Executing campaigns based on the object data
The final step is now to execute a campaign based on the object data. In order to do this I first created a custom attribute context in SPRO->CRM->Marketing->Marketing Planning and Campaign Management->Personalized Mail->Maintain Attribute Contexts for Mail Forms. For the prove of concept I simply added all fields of the structure CRM_ISU_TEC_CO to the context.
Next I created a custom implementation of the BAdI CRM_IM_ADD_DATA_BADI (#10815549 – Pastie):
In this BAdI implementation a select to the CDS view is performed for each of the business partners and some attribute values are filled based on the resulting data. Again, note that this is only a proof of concept. The implementation should in this form not be used in productive scenarios as e.g. no buffering is performed.
With the custom attribute context and the BAdI in place I executed a simple campaign with file export using the target group shown above.
The following screen shot shows details of the resulting file export. In this screen shot the main feature of object based segmentation is visible. For one business partner several entries are present in the result file, one for each technical object.
In summary it is possible to overcome the limitation for object bases segmentation in a utilities scenario with just one CDS view and and a few lines of code. Consequently, this approach should simplify the adoption of SAP CRM Marketing in the utilities context.
Great blog, Christian!
In automotive industry we use read program based infosets to accomplish the same. E.g. to segment vehicles (which are individual objects) based on their attributes. Believe me, there are plenty of people/companies who own many cars with same attributes (for example, model year or color). In this case we create complex joins in this read program (for example,joining z-attribute set type table, comm_product, comm_il_prdbp etc.), select desired individual objects (e.g. vehicles) and provide all appropriate fields back to the infoset structure (GUIDs, relationship type, product family and attributes).
But CDS definitely is a way better to model such complex infosets for segmentation! Thanks again. Need to try it!
thank you for this blog, using CDS is indeed a new approach.

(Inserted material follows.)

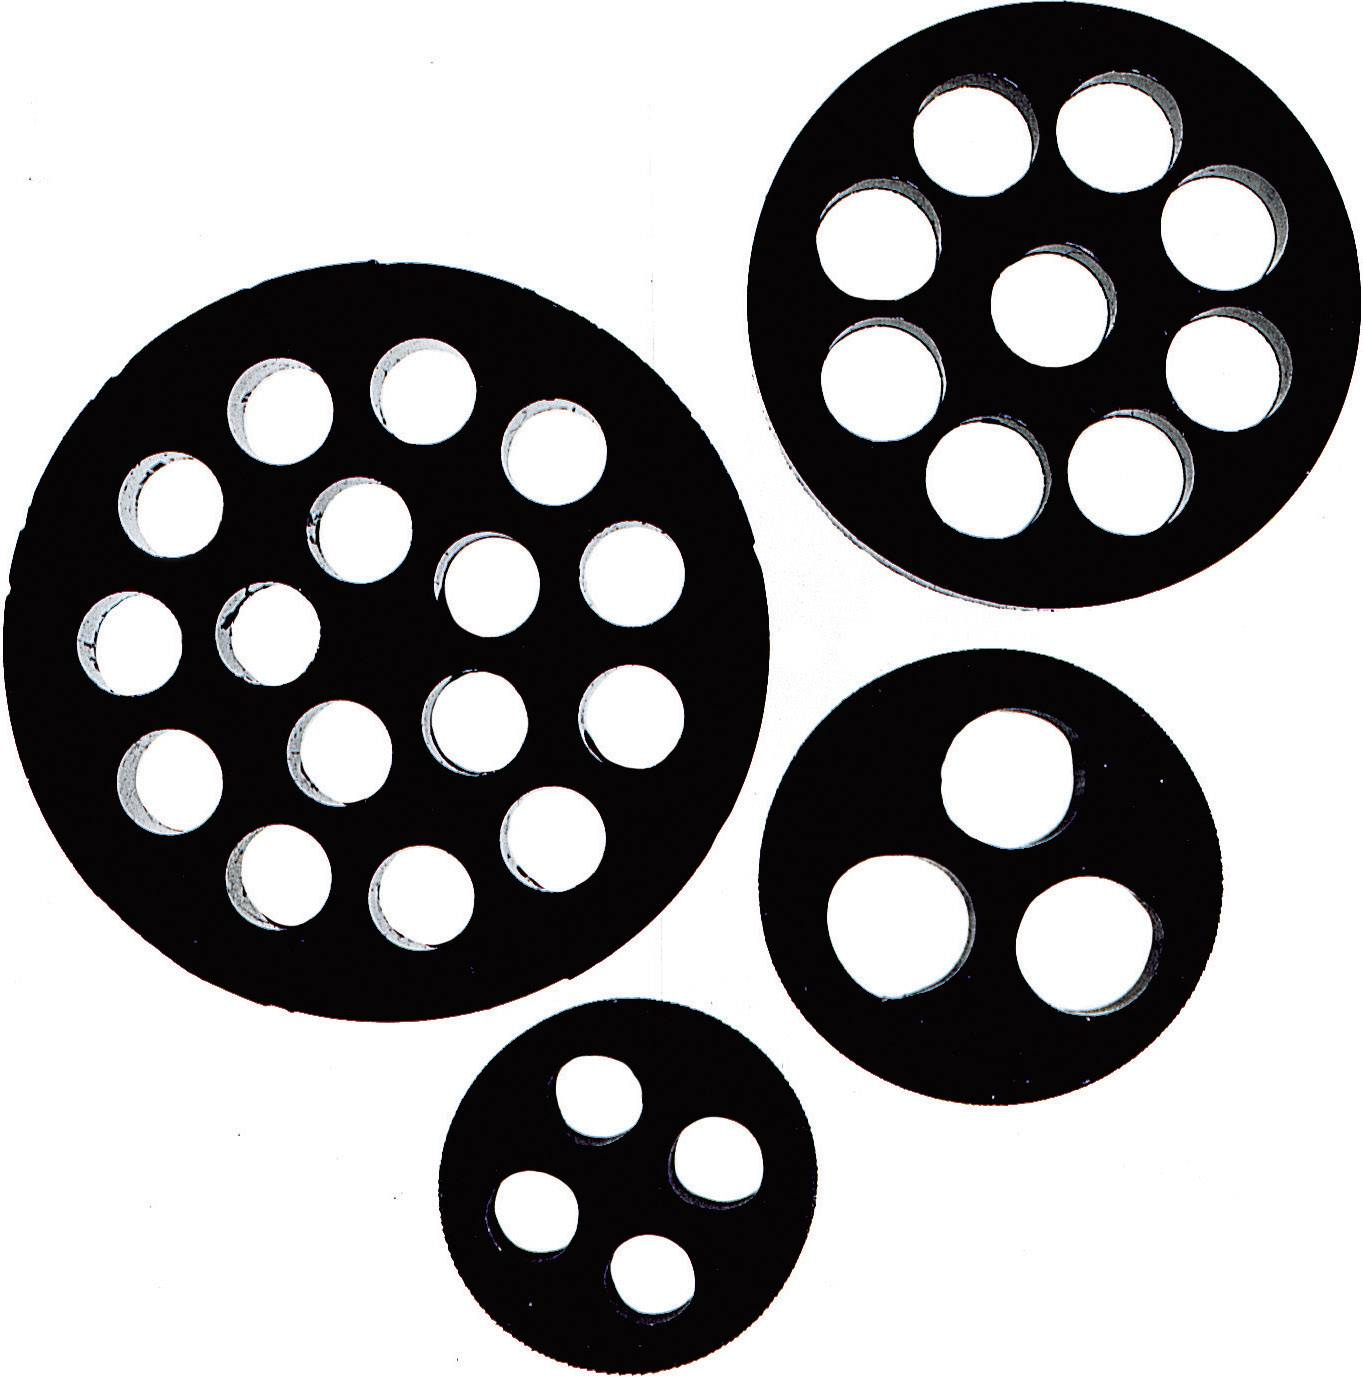 Tesniaca vložka s viacerými priechodmi LappKabel SKINTOP® DIX-M25, M25, nitril kaučuk, 1 ks

For a customer we've implemented a solution using a remote InfoSet to perform the segmentation. From CRM we're calling an InfoSet in ERP (here: IS-U), which is based on a program (custom code) - most probably similar to the comment above, but for the Utilities industry.

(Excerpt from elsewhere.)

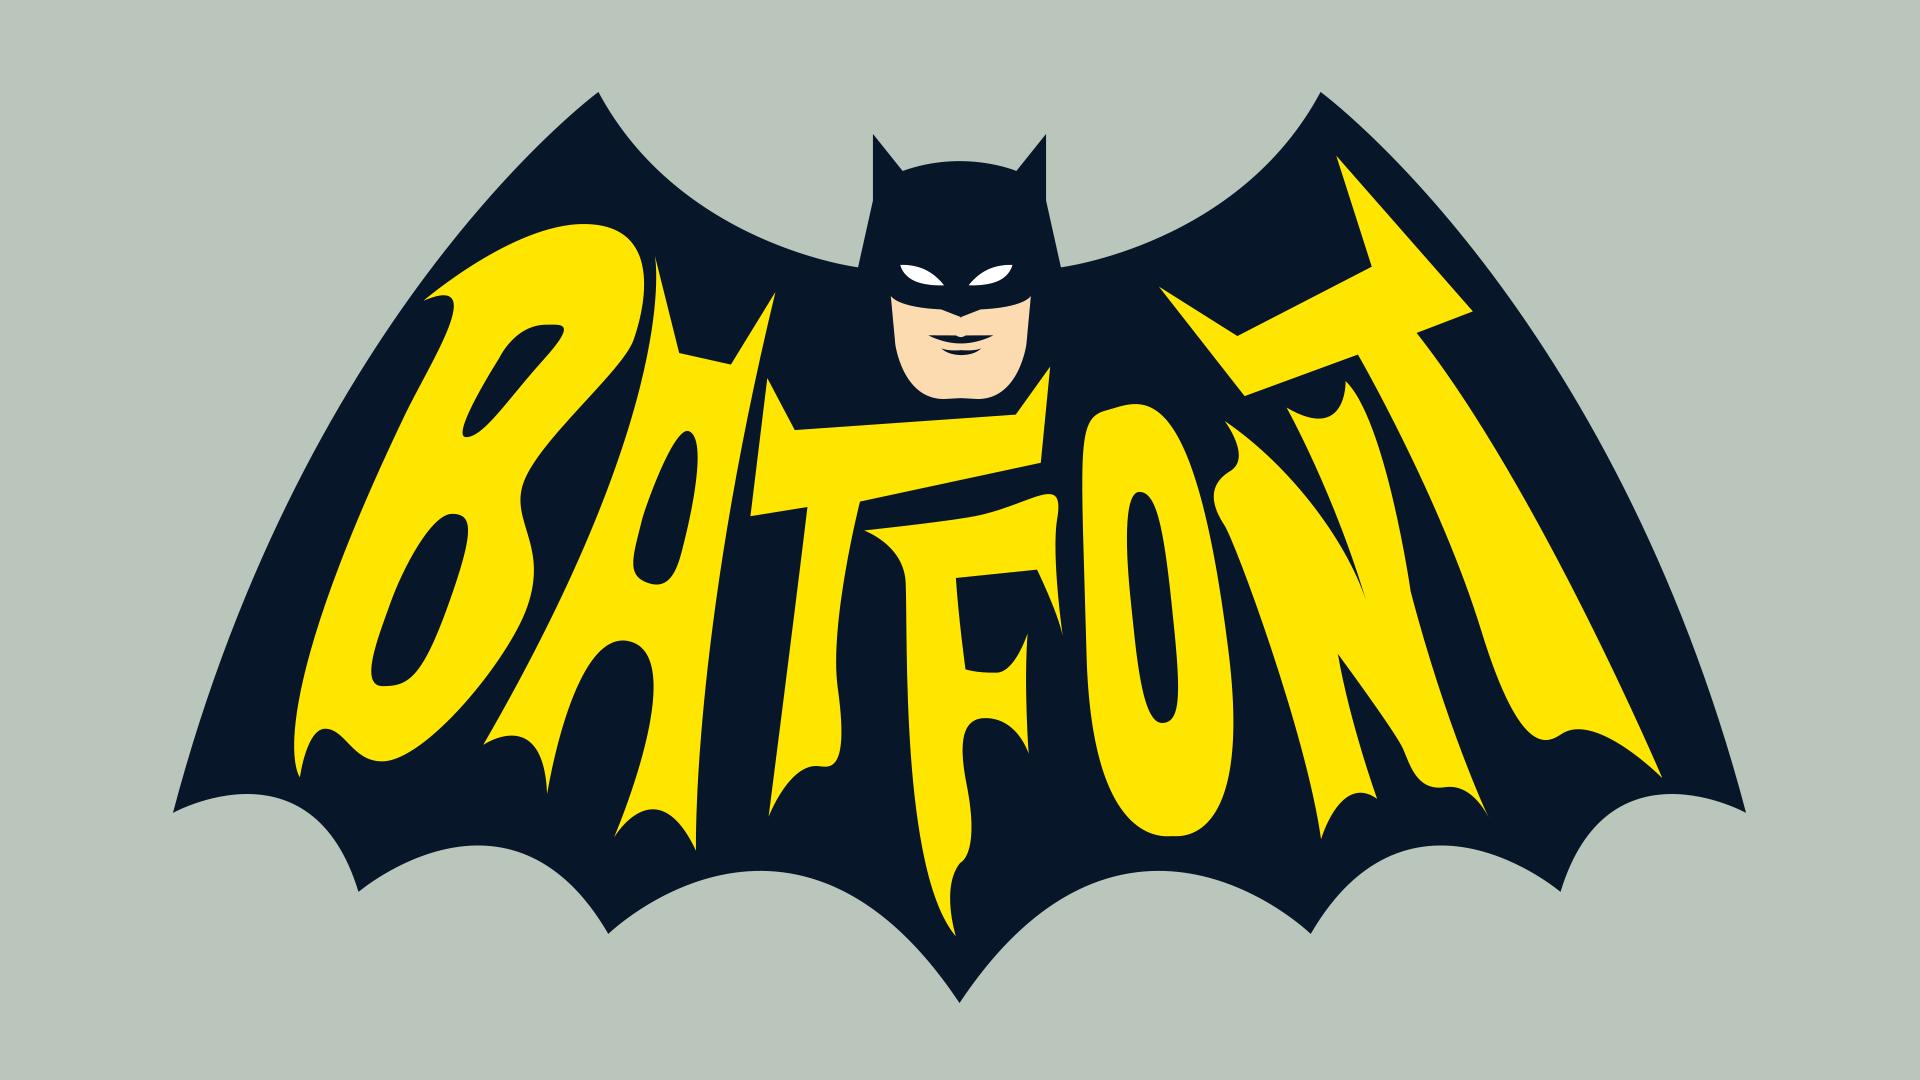 Download Batfont cool free fonts

The logic in this custom code is too complex to be expressed in a CDS view. The resulting query is optimized for performance and supports selection options.
This implementation gives the marketeer access to a lot of additional fields, which wouldn't be available in the standard, e.g. segmentation based on the Tariff Type.
So for the end user this solution is quite powerful and convenient.
This blog post is wonderful! In my opinion you're the perfect candidate to post improvement ideas on http://influence.sap.com/SAPforUtilities. Did you give it a look already?
Somehow I missed the current improvement round for SAP for Utilities. Thought I had registered already.... Will definitely have a look now and see if I can add something.
As I read your article about utilities process framework calling in background and had some things to point out - here I am really impressed :-). Finally someone with creative idea - I am going to test it myself, but really good job!